Extracted information>
# # # # #

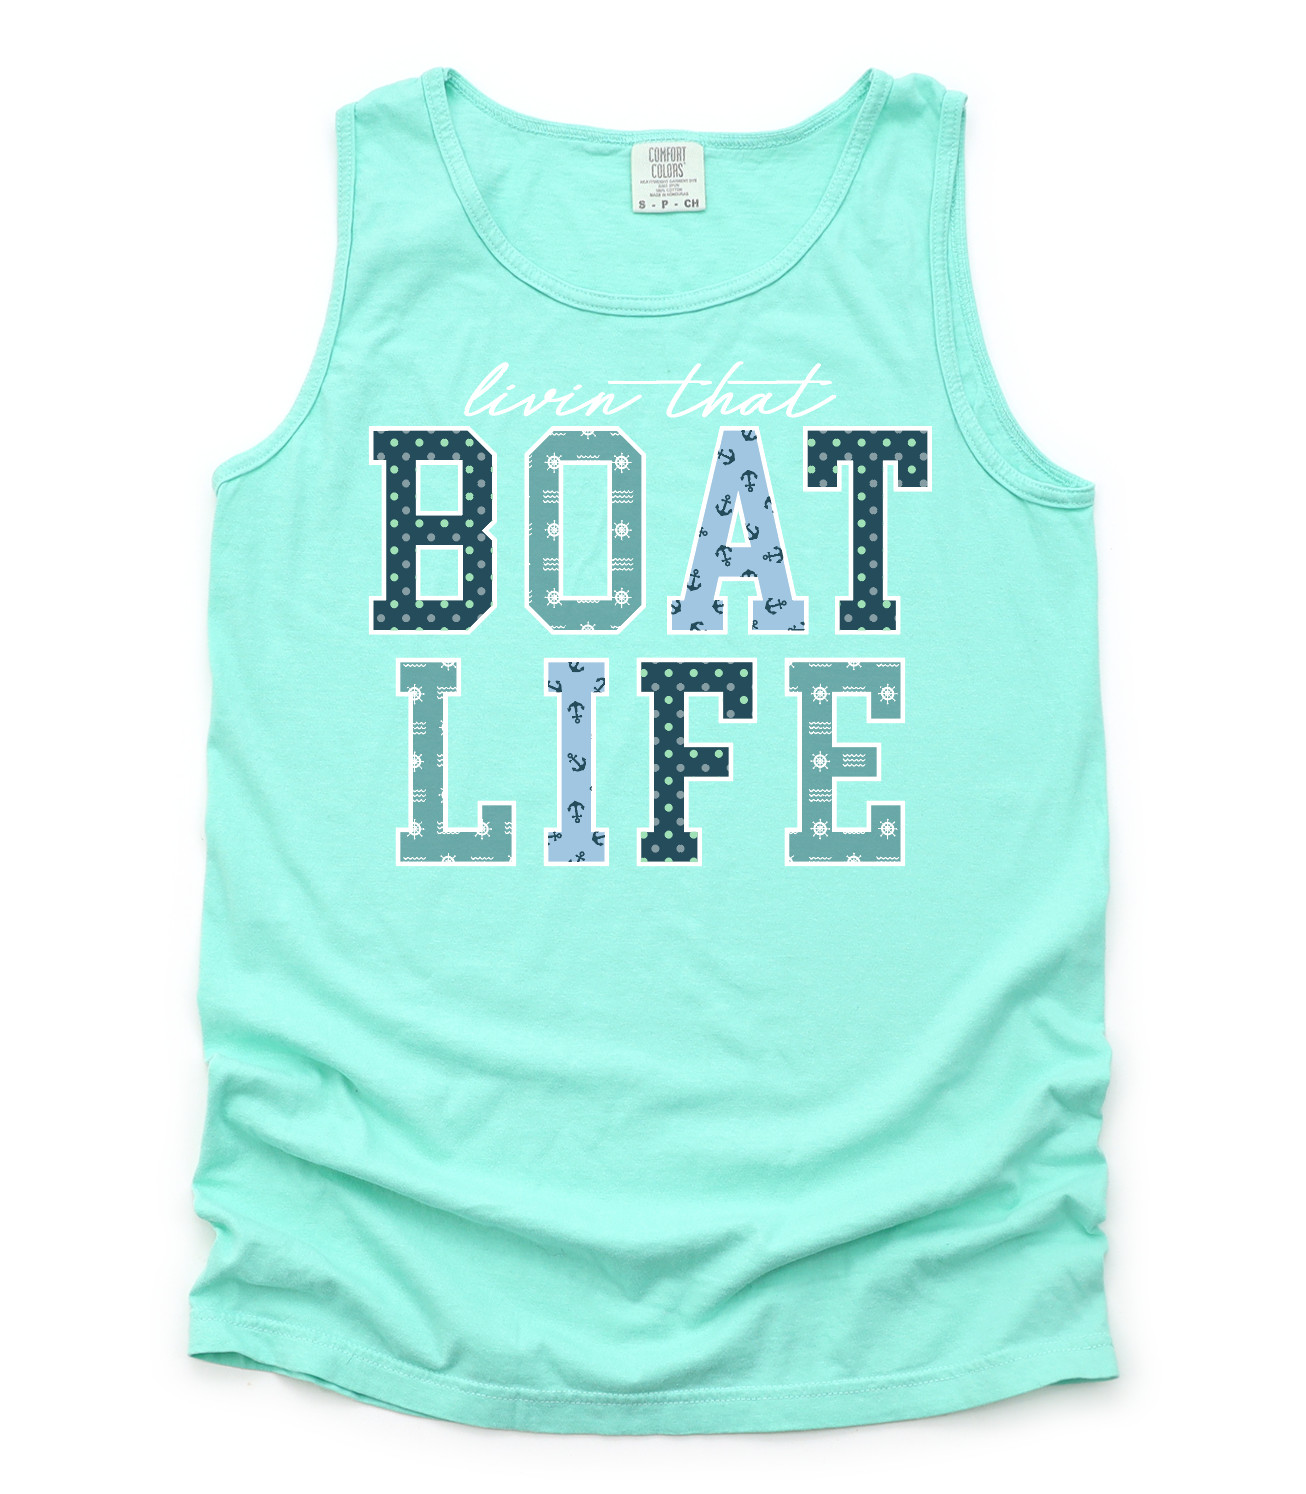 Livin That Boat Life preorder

# # # # #

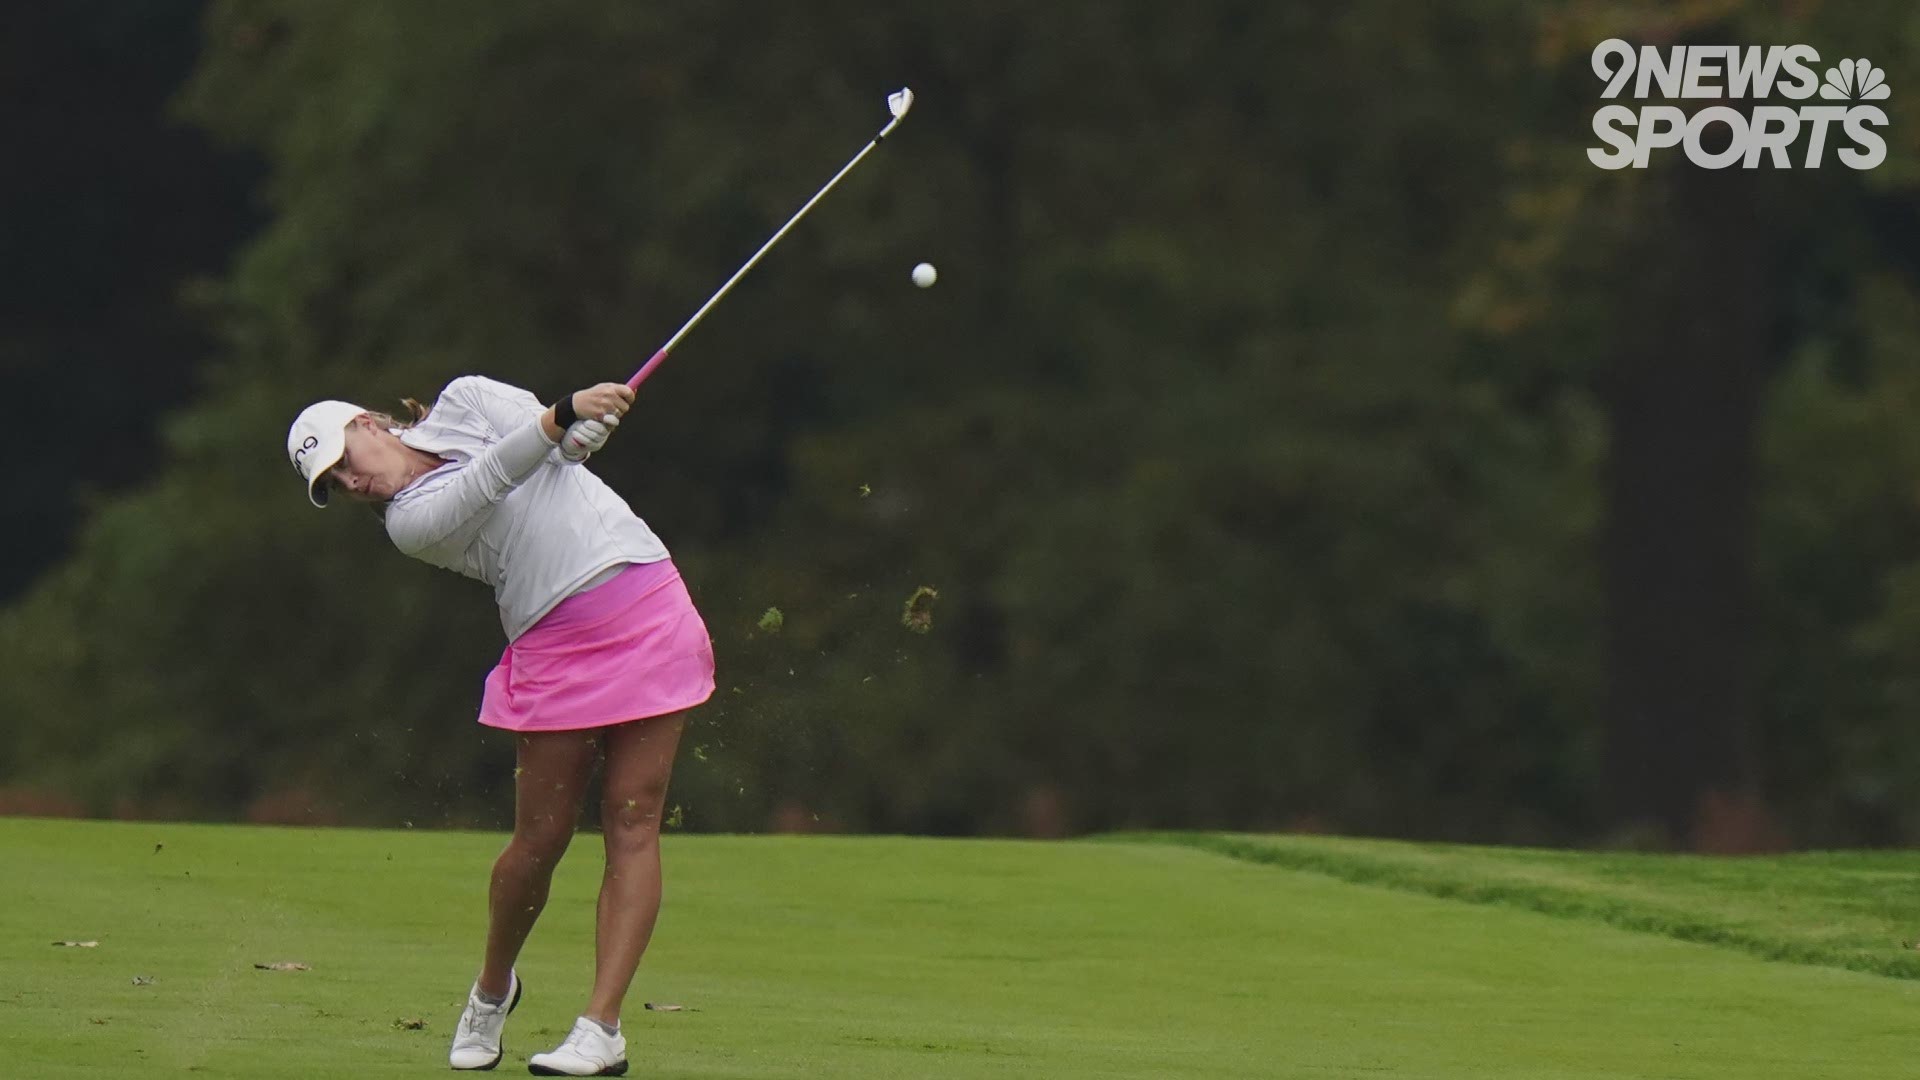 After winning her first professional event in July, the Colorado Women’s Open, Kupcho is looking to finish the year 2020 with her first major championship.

# # # # #

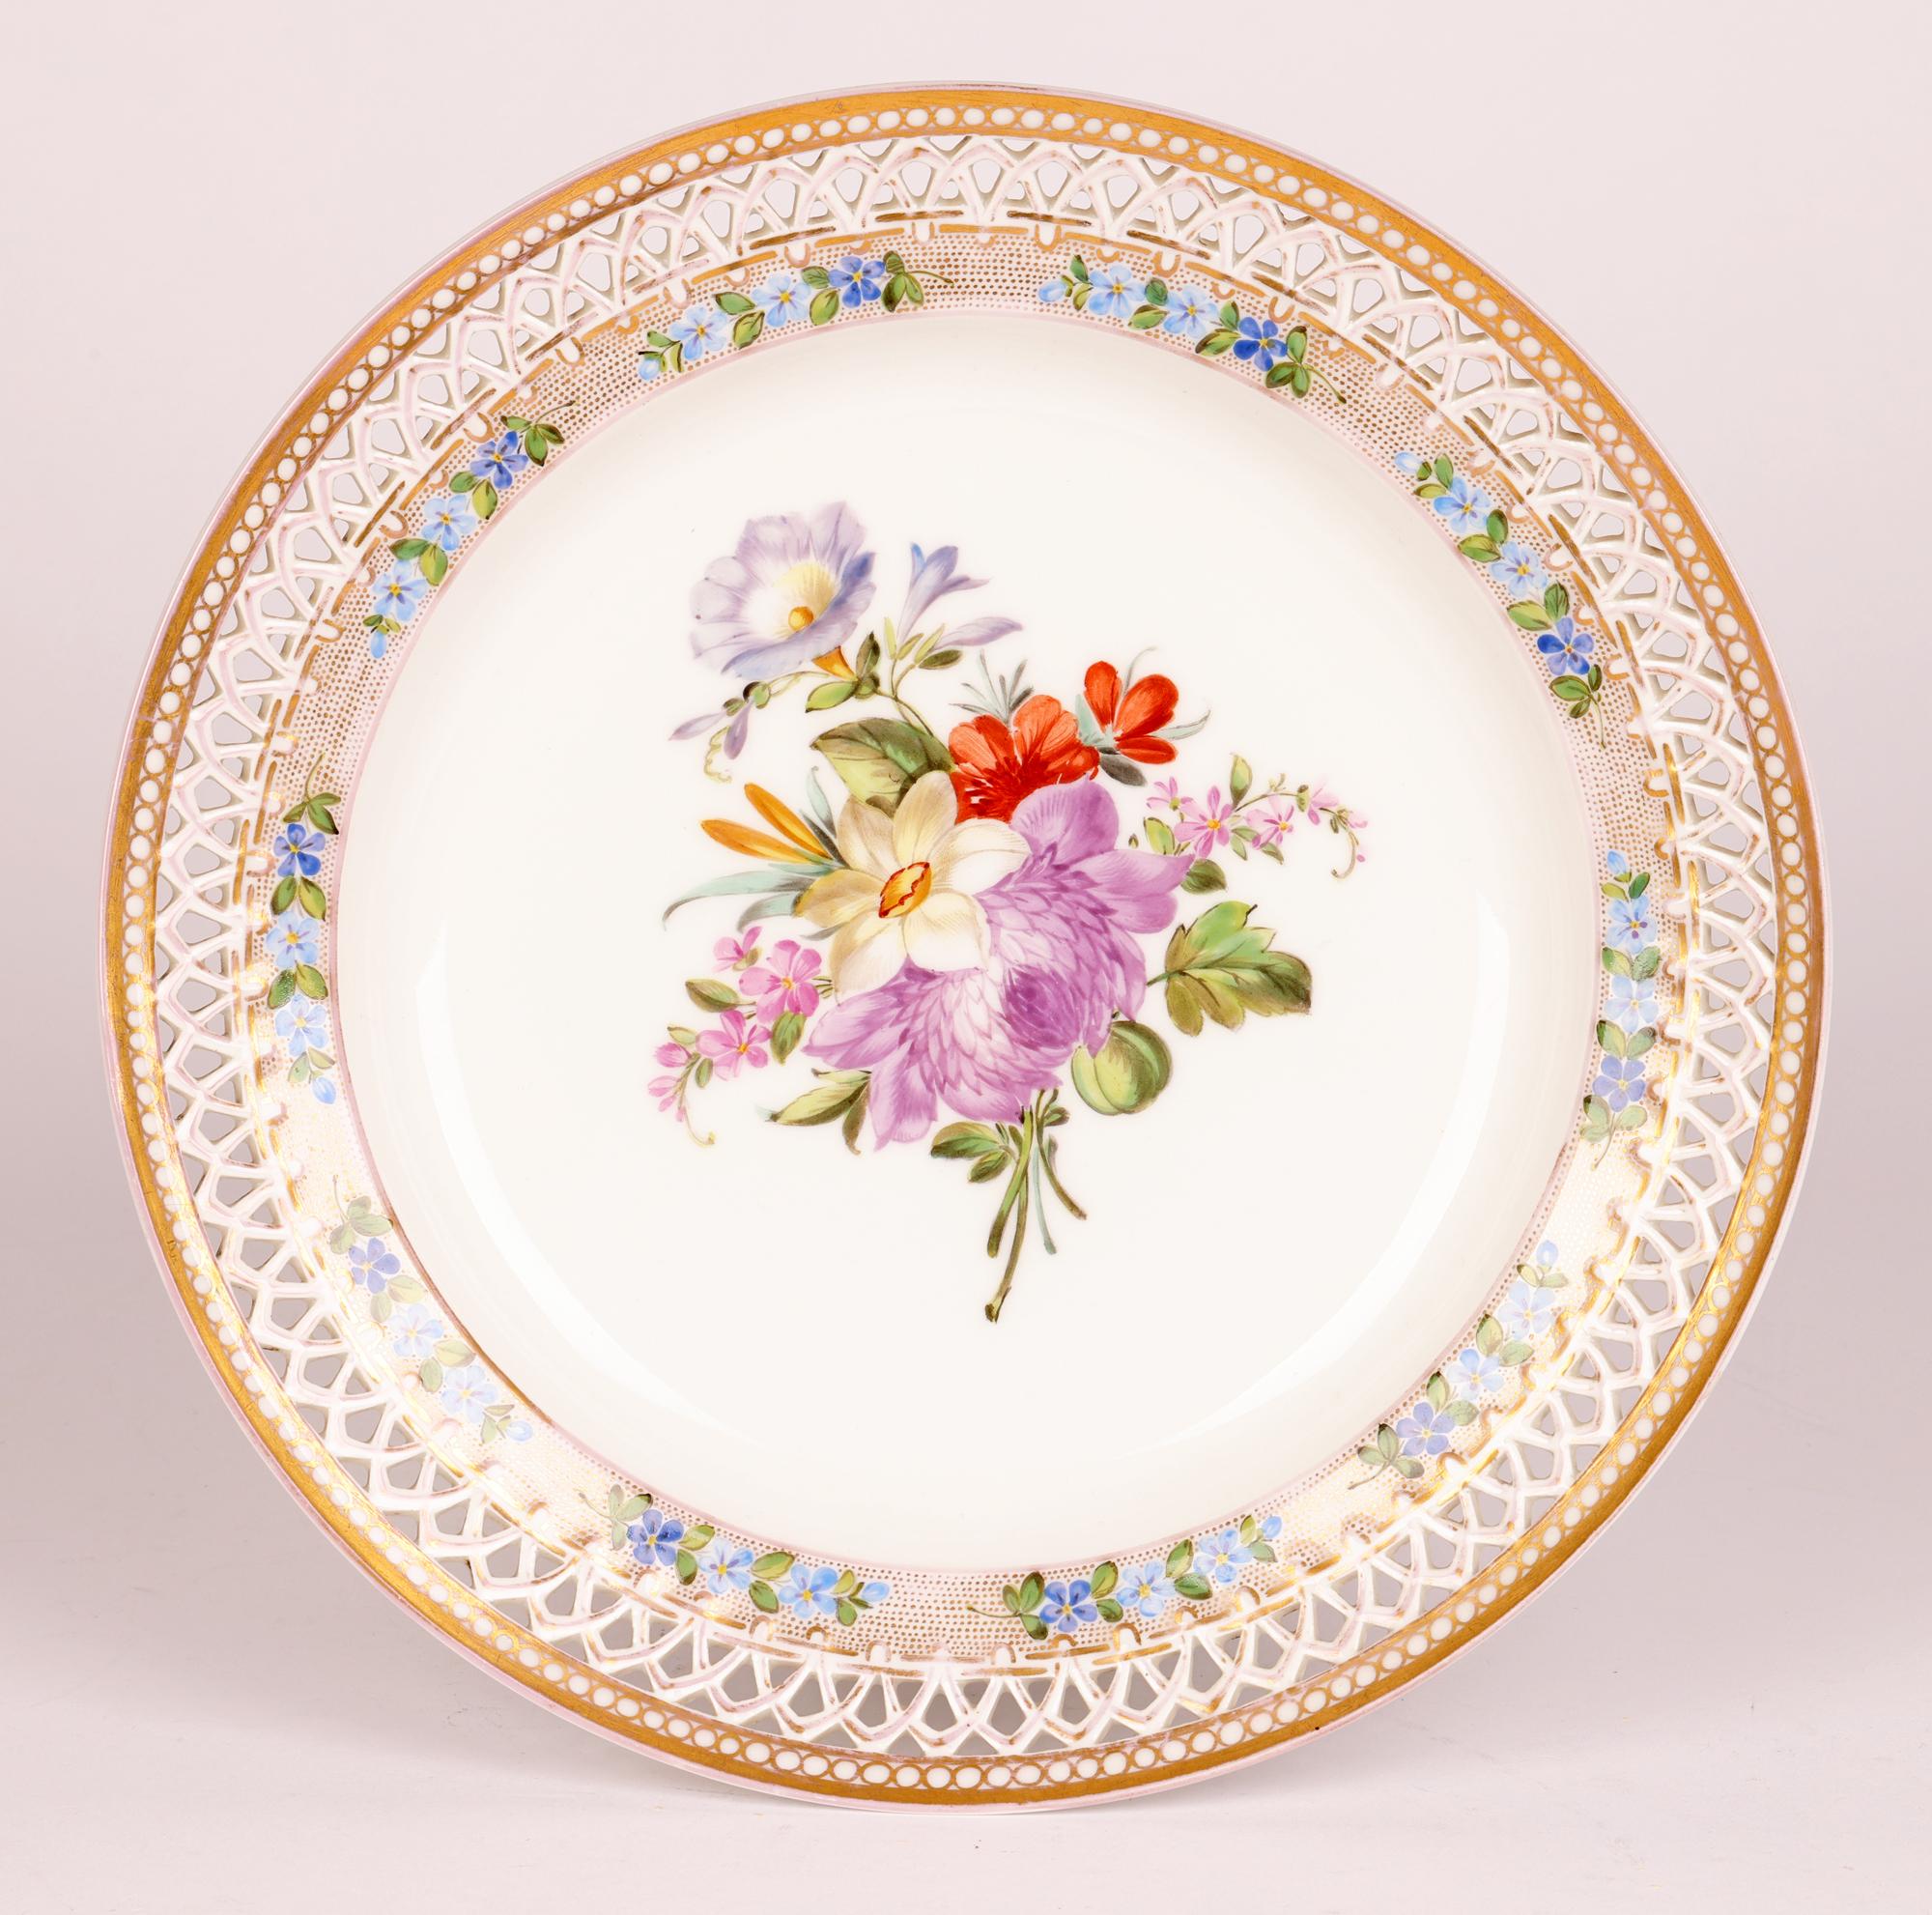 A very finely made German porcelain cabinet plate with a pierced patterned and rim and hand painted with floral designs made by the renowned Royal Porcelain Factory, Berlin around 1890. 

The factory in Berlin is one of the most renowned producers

# # # # #

Only one stretch of the data is wanted: write out exactly the lines from the one holding "A very finely" through the one holding "The factory in", both included, without the pictures.

 A very finely made German porcelain cabinet plate with a pierced patterned and rim and hand painted with floral designs made by the renowned Royal Porcelain Factory, Berlin around 1890. 

The factory in Berlin is one of the most renowned producers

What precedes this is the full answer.